-- Given records follows --
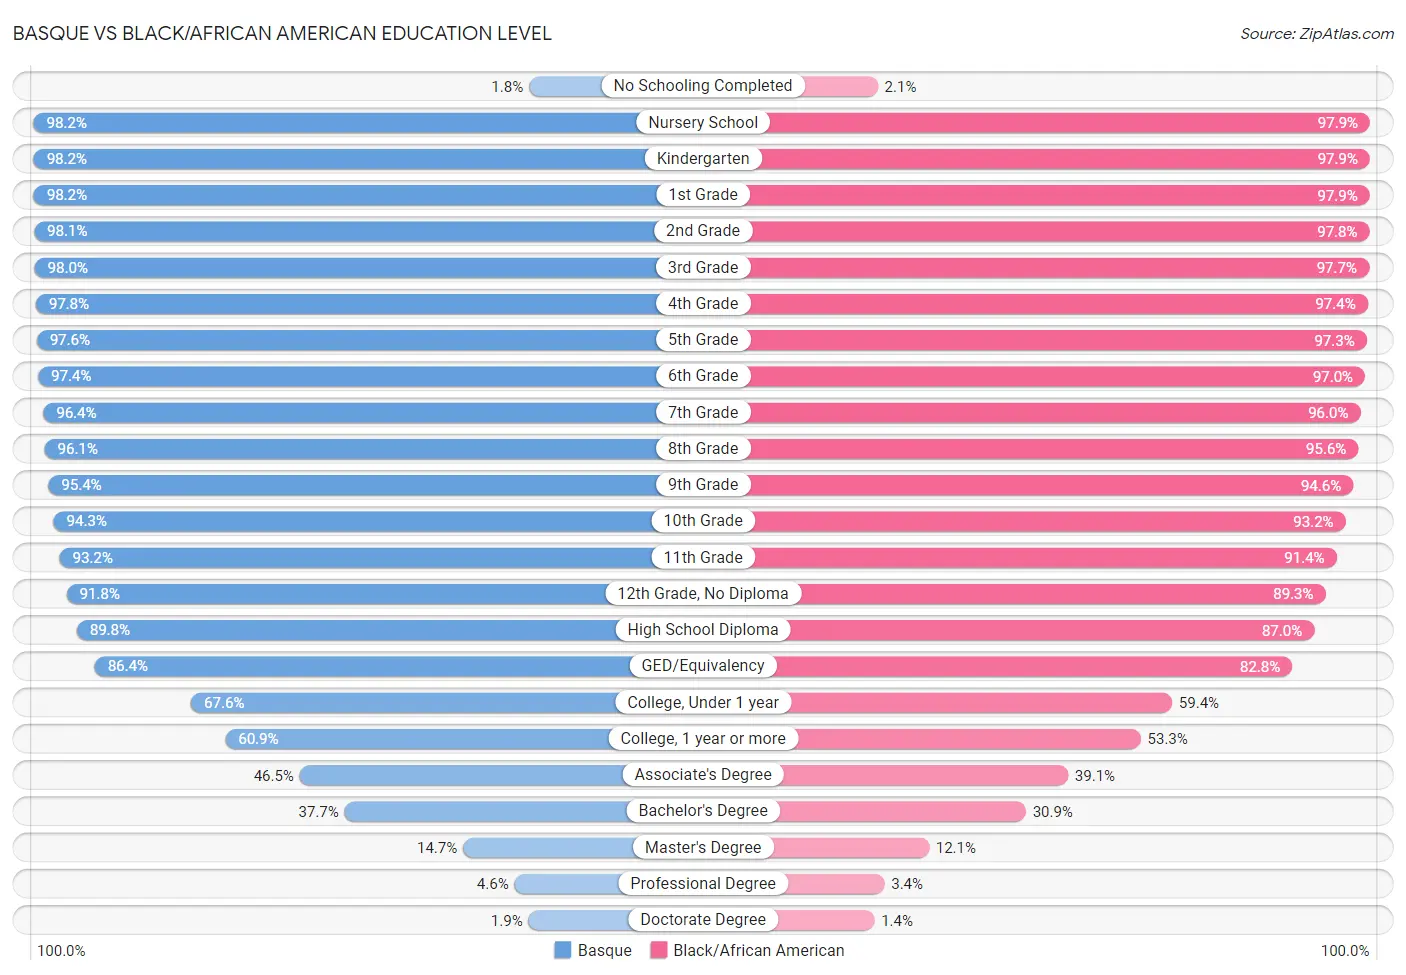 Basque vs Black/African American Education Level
-- Given records concluded --
-- Given records follows --
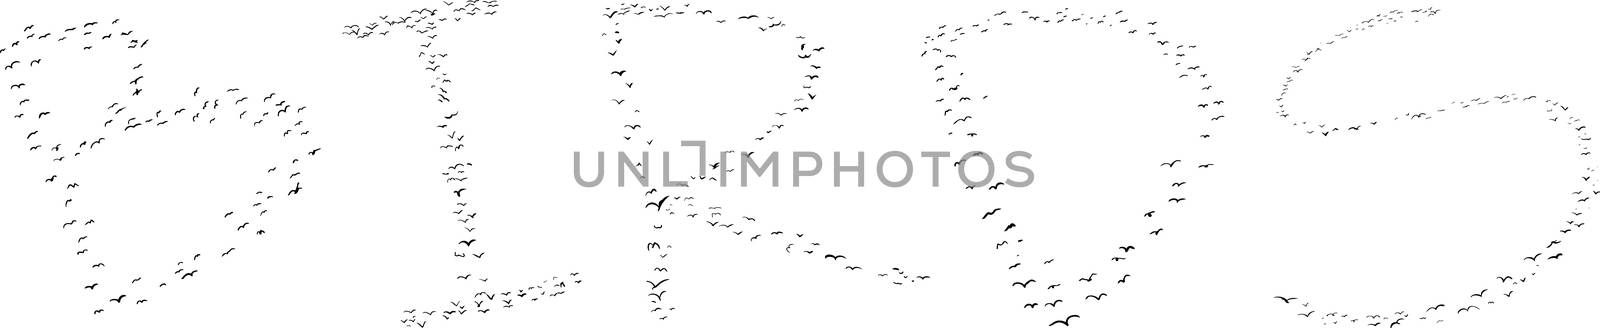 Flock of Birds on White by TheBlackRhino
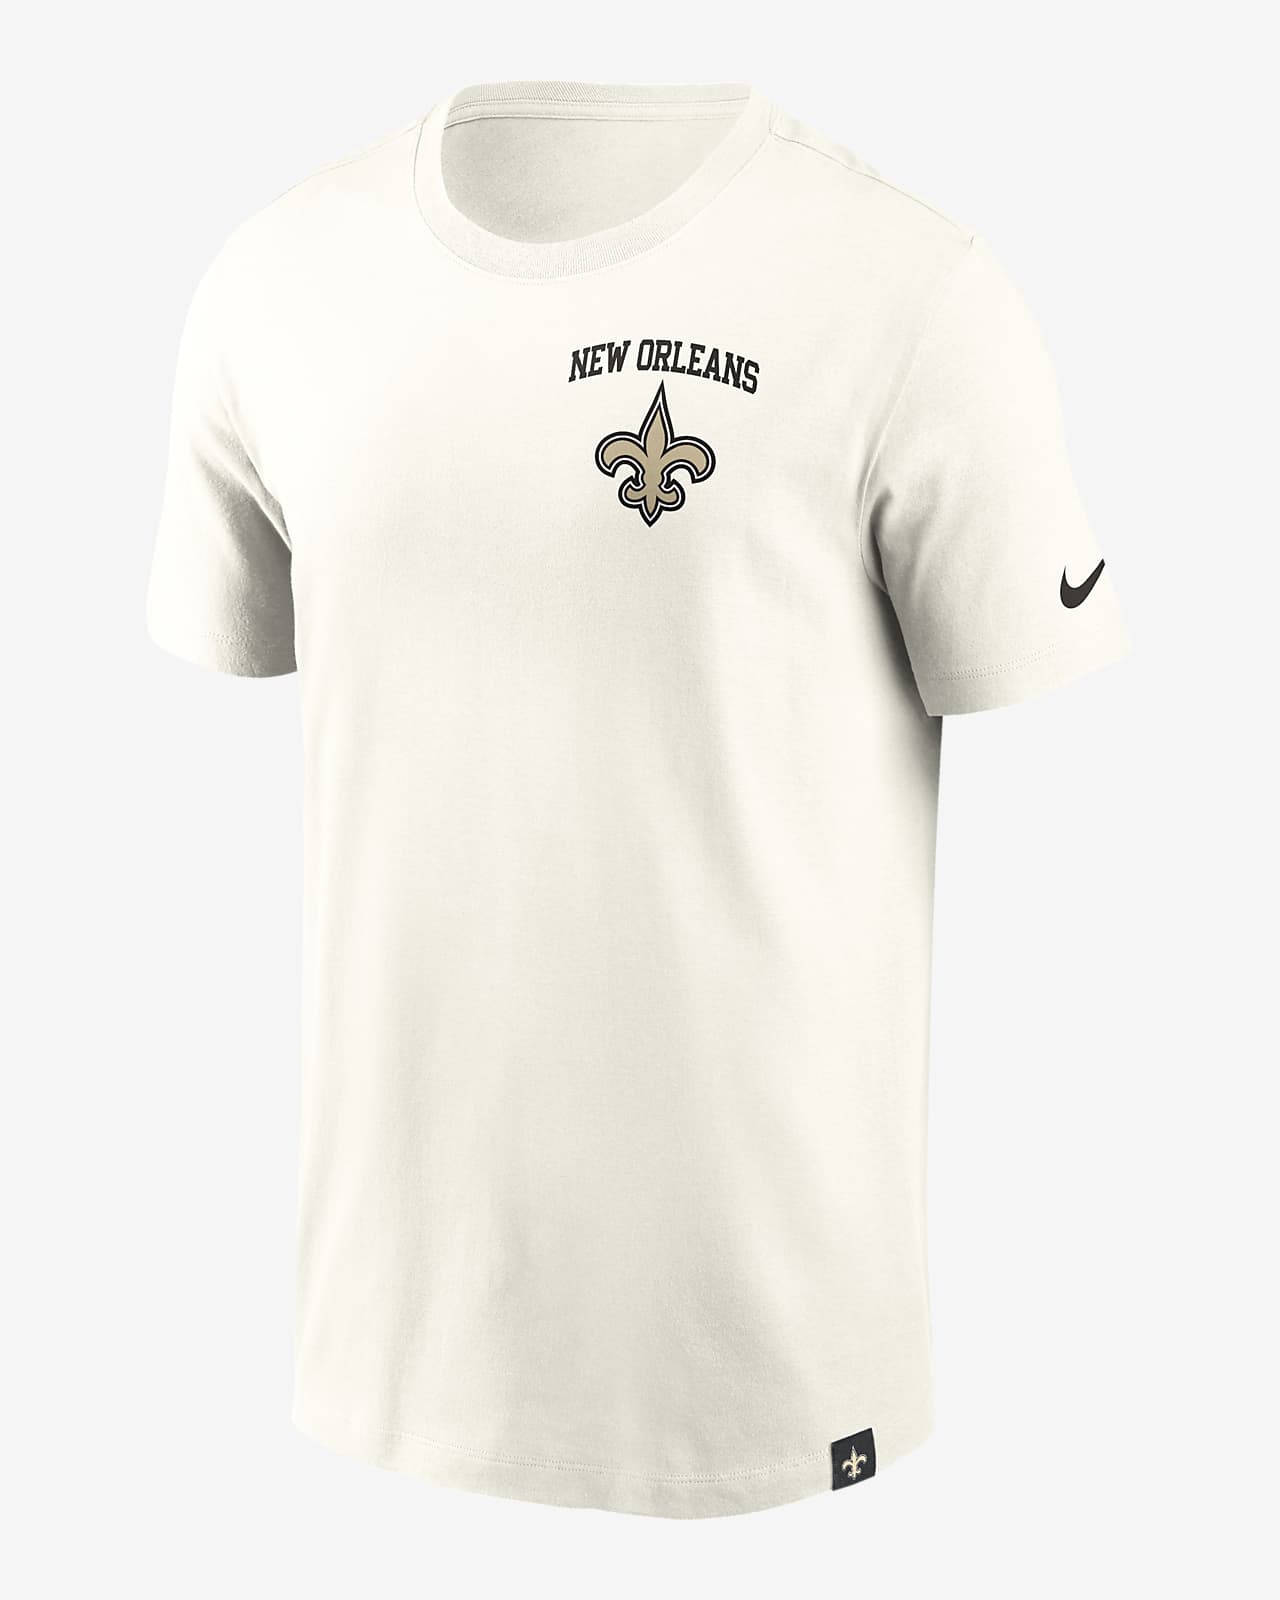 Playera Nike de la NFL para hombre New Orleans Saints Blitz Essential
-- Given records concluded --
### [Exercise goal]
Of the records above, print only the lines from the one containing "Flock of Birds on White by TheBlackRhino" through the one containing "Playera Nike de", inclusive and unaltered, leaving out pictures.

### [Solved exercise]
 Flock of Birds on White by TheBlackRhino
 Playera Nike de la NFL para hombre New Orleans Saints Blitz Essential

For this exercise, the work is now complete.